Understanding the Operative Experience of the Practicing Pediatric SurgeonImplications for Training and Maintaining Competency

Author Affiliations
  • 1Department of Surgery, Ann and Robert H. Lurie Children’s Hospital of Chicago, Chicago, Illinois
  • 2Department of Surgery, University of Maryland Medical Center, Baltimore
  • 3Department of Surgery, University of Michigan Health System, Ann Arbor
  • 4American Board of Surgery, Philadelphia, Pennsylvania
  • 5Department of Surgery, Oregon Health and Science University, Portland
  • 6Michael E. DeBakey Department of Surgery, Baylor College of Medicine, Houston, Texas
  • 7Department of Pediatric Surgery, Vanderbilt University Medical Center, Nashville, Tennessee
  • 8Department of Surgery, Stanford School of Medicine, Stanford, California
  • 9Department of Surgery, Indiana University School of Medicine, Indianapolis
  • 10Department of Surgery, University of Washington, Seattle
  • 11Department of Surgery, Brown University, Providence, Rhode Island
  • 12Department of Surgery, University of Louisville, Louisville, Kentucky
  • 13Department of Surgery, Wayne State University School of Medicine, Detroit, Michigan
JAMA Surg. 2016;151(8):735-741. doi:10.1001/jamasurg.2016.0261
Abstract

Importance  The number of practicing pediatric surgeons has increased rapidly in the past 4 decades, without a significant increase in the incidence of rare diseases specific to the field.
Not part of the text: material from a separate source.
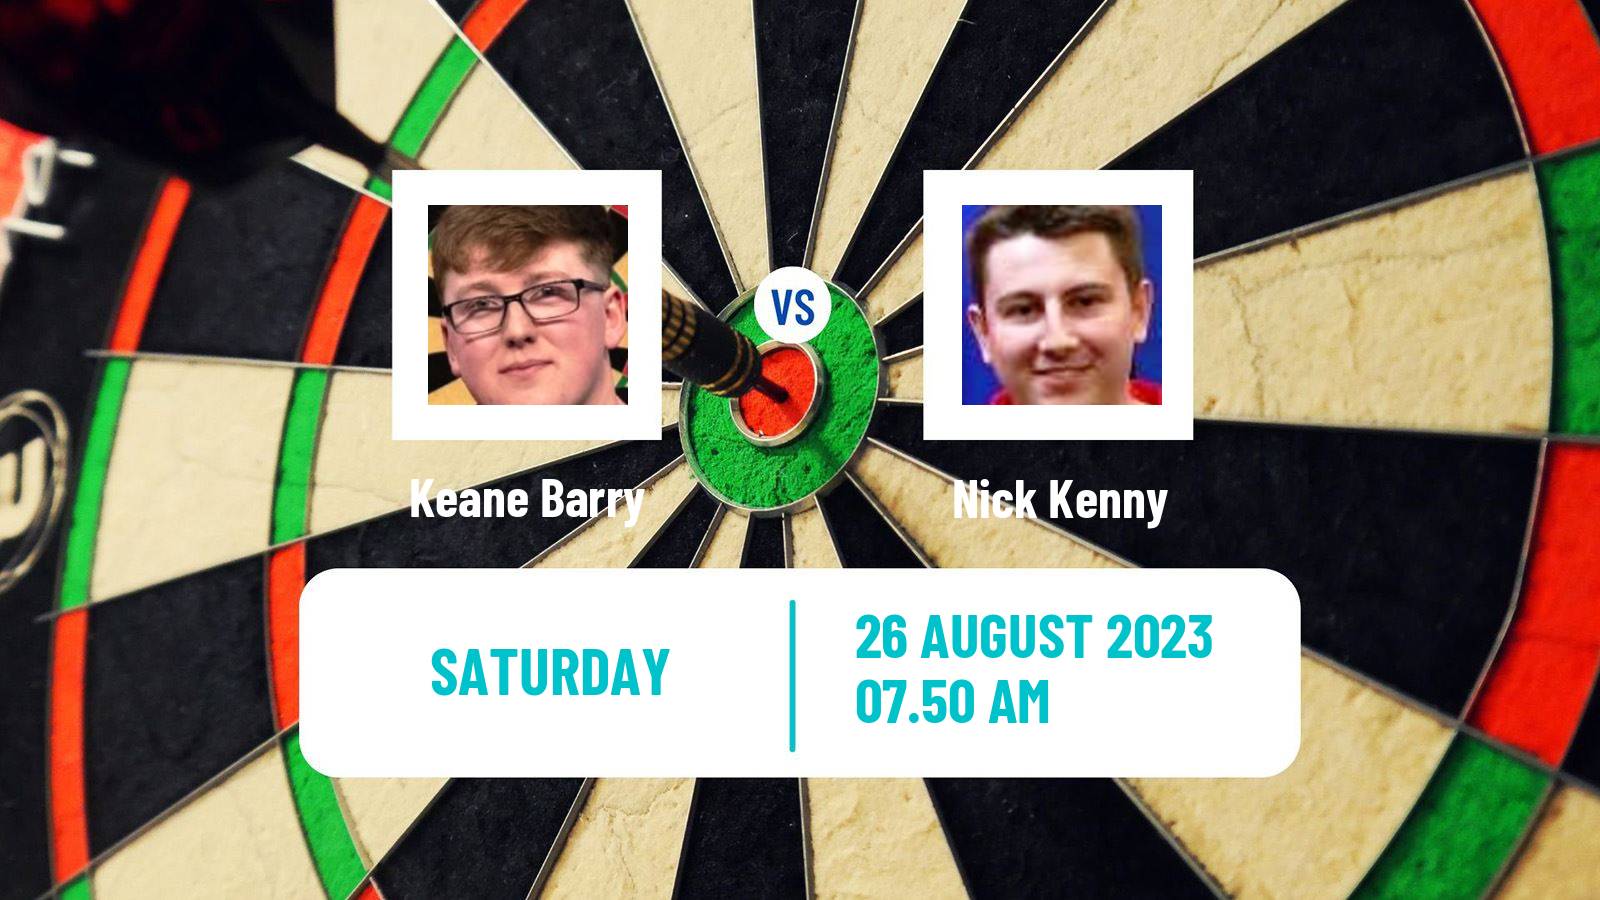 Darts Players Championship 17 Keane Barry - Nick Kenny

Maintenance of competency in the index procedures for these rare diseases is essential to the future of the profession.

Objective  To describe the demographic characteristics and operative experiences of practicing pediatric surgeons using Pediatric Surgery Board recertification case log data.

Design, Setting, and Participants  We performed a retrospective review of 5 years of pediatric surgery certification renewal applications submitted to the Pediatric Surgery Board between 2009 and 2013. A surgeon’s location was defined by population as urban, large rural, small rural, or isolated. Case log data were examined to determine case volume by category and type of procedures. Surgeons were categorized according to recertification at 10, 20, or 30 years.
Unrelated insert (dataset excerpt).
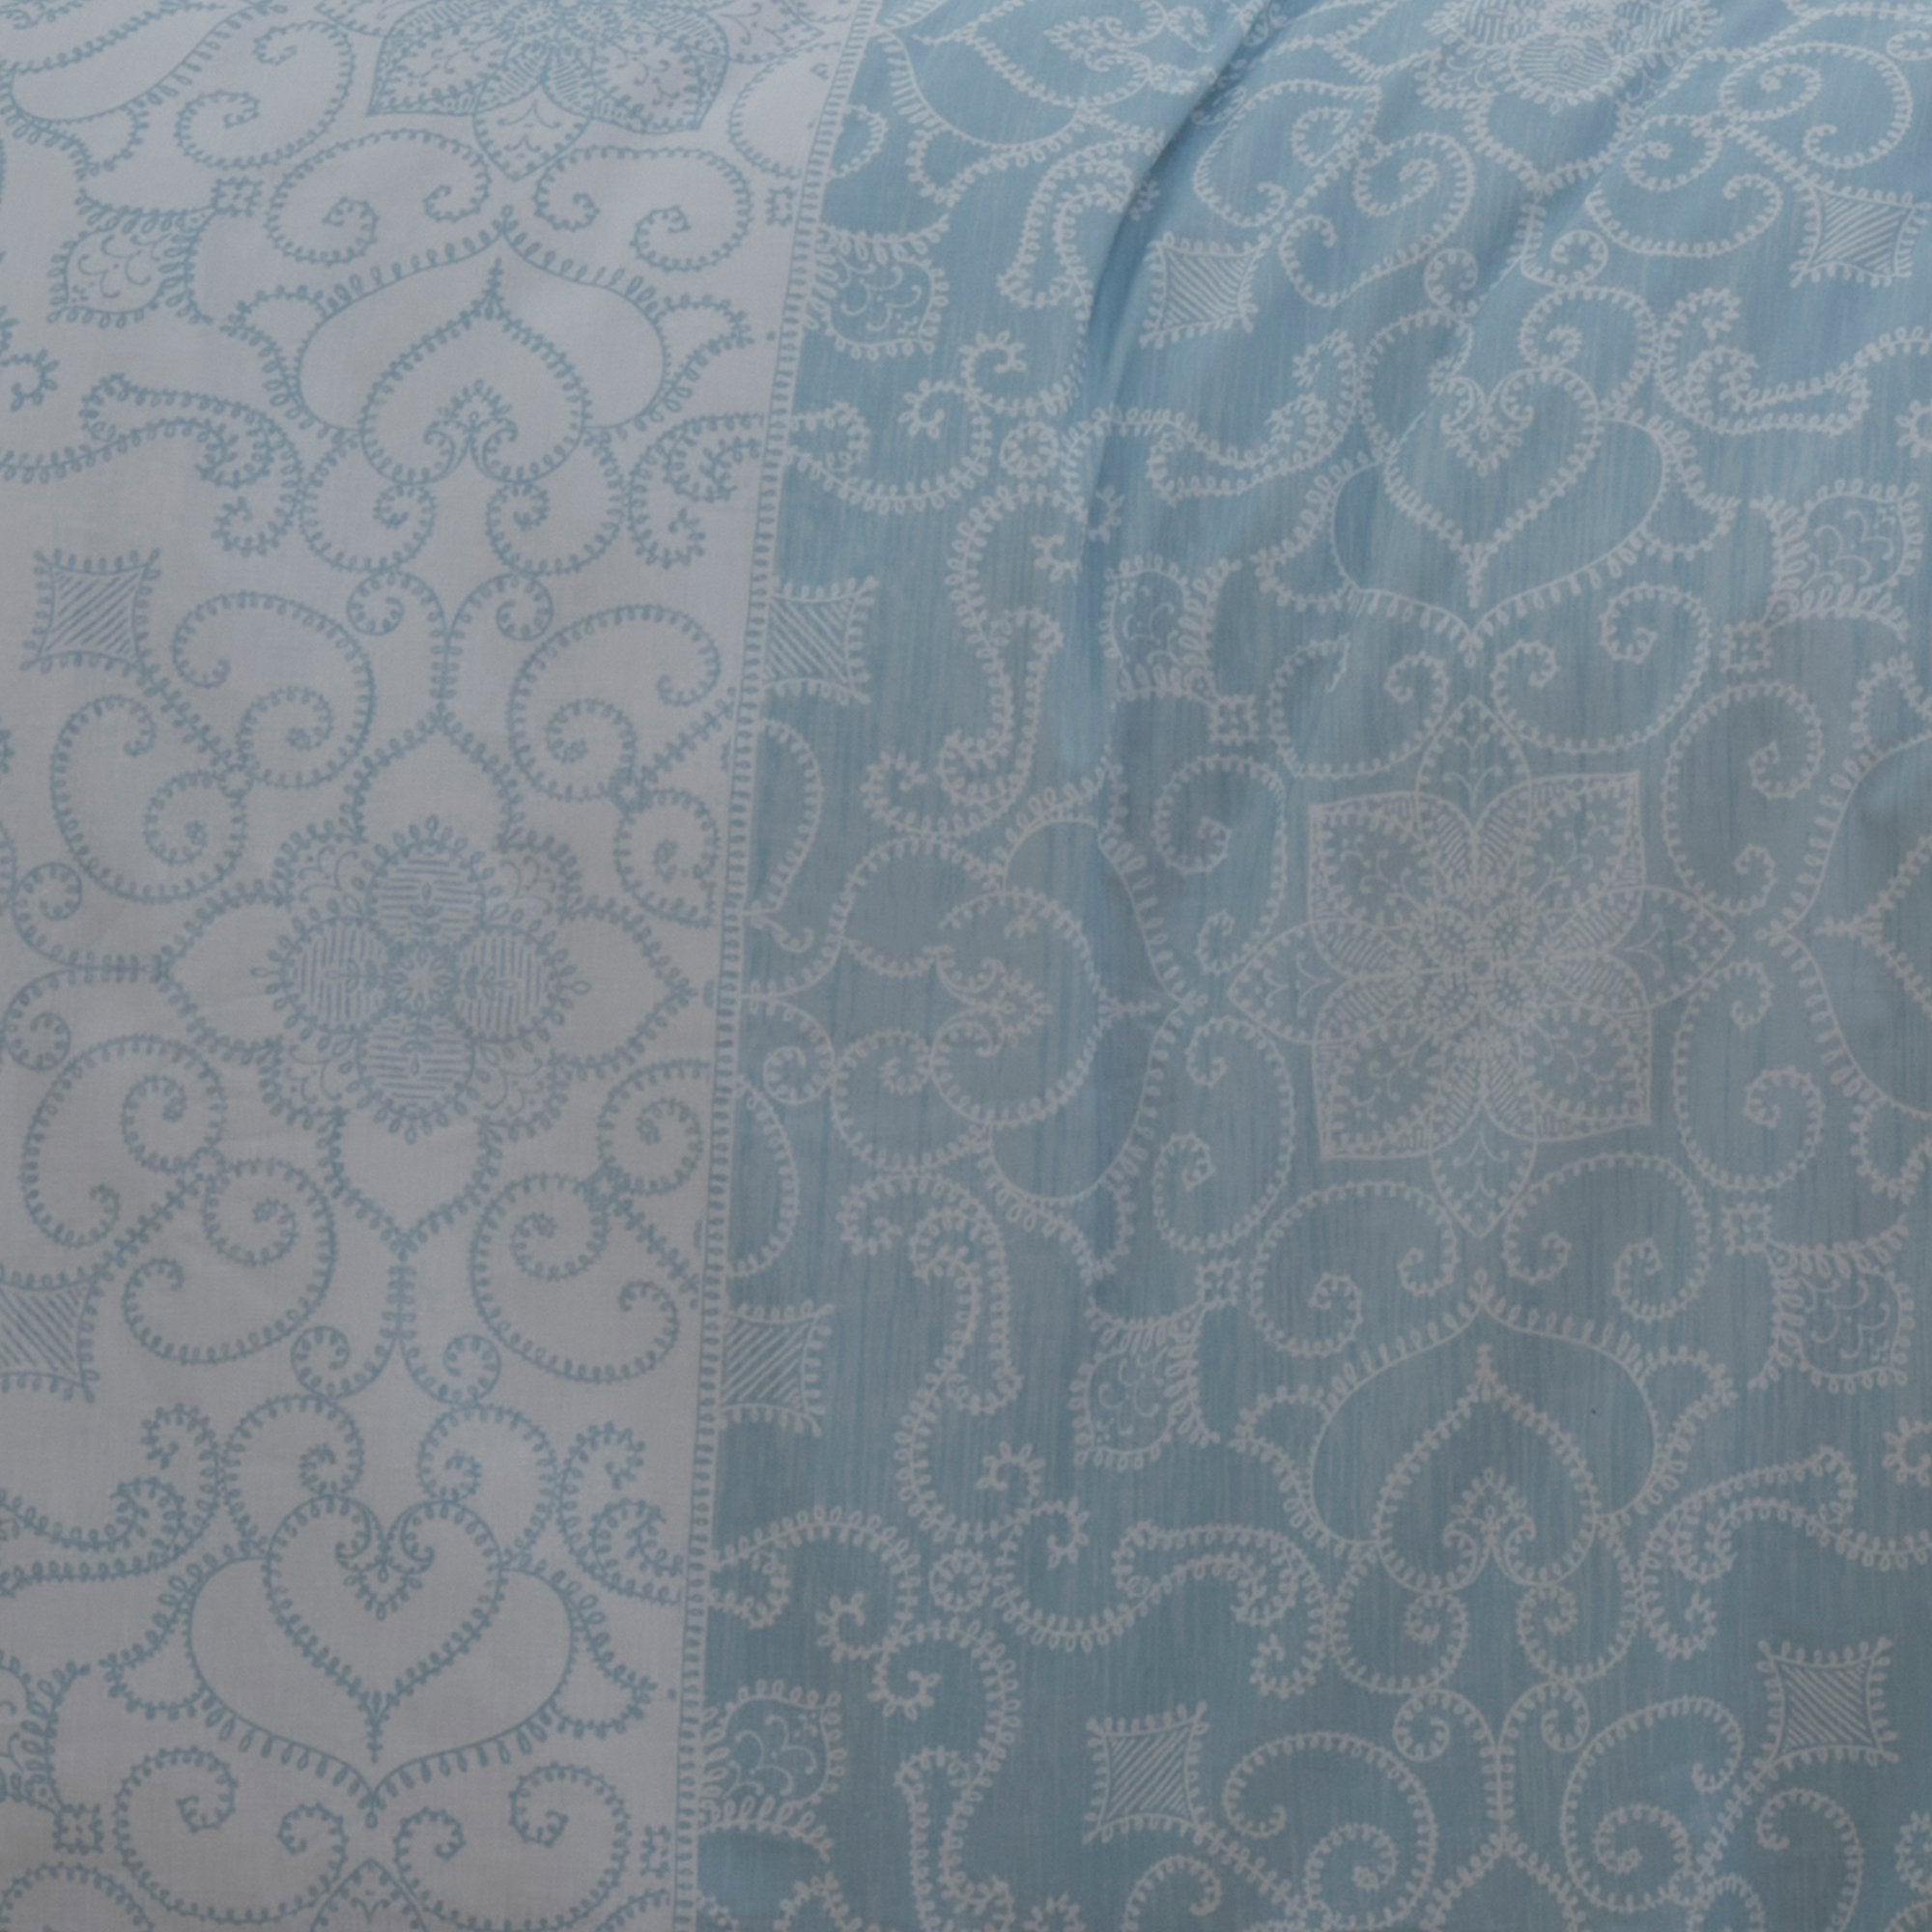 Duvet Cover Set Frampton by Dreams & Drapes Design in Blue

Main Outcome and Measure  Number of index cases during the preceding year.

Results  Of 308 recertifying pediatric surgeons, 249 (80.8%) were men, and 143 (46.4%) were 46 to 55 years of age. Most of the pediatric surgeons (304 of 308 [98.7%]) practiced in urban areas (ie, with a population >50 000 people). All recertifying applicants were clinically active. An appendectomy was the most commonly performed procedure (with a mean [SD] number of 49.3 [35.0] procedures per year), nonoperative trauma management came in second (with 20.0 [33.0] procedures per year), and inguinal hernia repair for children younger than 6 months of age came in third (with 14.7 [13.8] procedures per year). In 6 of 10 “rare” pediatric surgery cases, the mean number of procedures was less than 2. Of 308 surgeons, 193 (62.7%) had performed a neuroblastoma resection, 170 (55.2%) a kidney tumor resection, and 123 (39.9%) an operation to treat biliary atresia or choledochal cyst in the preceding year. Laparoscopy was more frequently performed in the 10-year recertification group for Nissen fundoplication, appendectomy, splenectomy, gastrostomy/jejunostomy, orchidopexy, and cholecystectomy (P < .05) but not lung resection (P = .70). It was more frequently used by surgeons recertifying in the 10-year group (used in 11 375 of 14 456 procedures [78.7%]) than by surgeons recertifying in the 20-year (used in 6214 of 8712 procedures [71.3%]) or 30-year group (used in 2022 of 3805 procedures [53.1%]).

Conclusions and Relevance  Practicing pediatric surgeons receive limited exposure to index cases after training. With regard to maintaining competency in an era in which health care outcomes have become increasingly important, these results are concerning.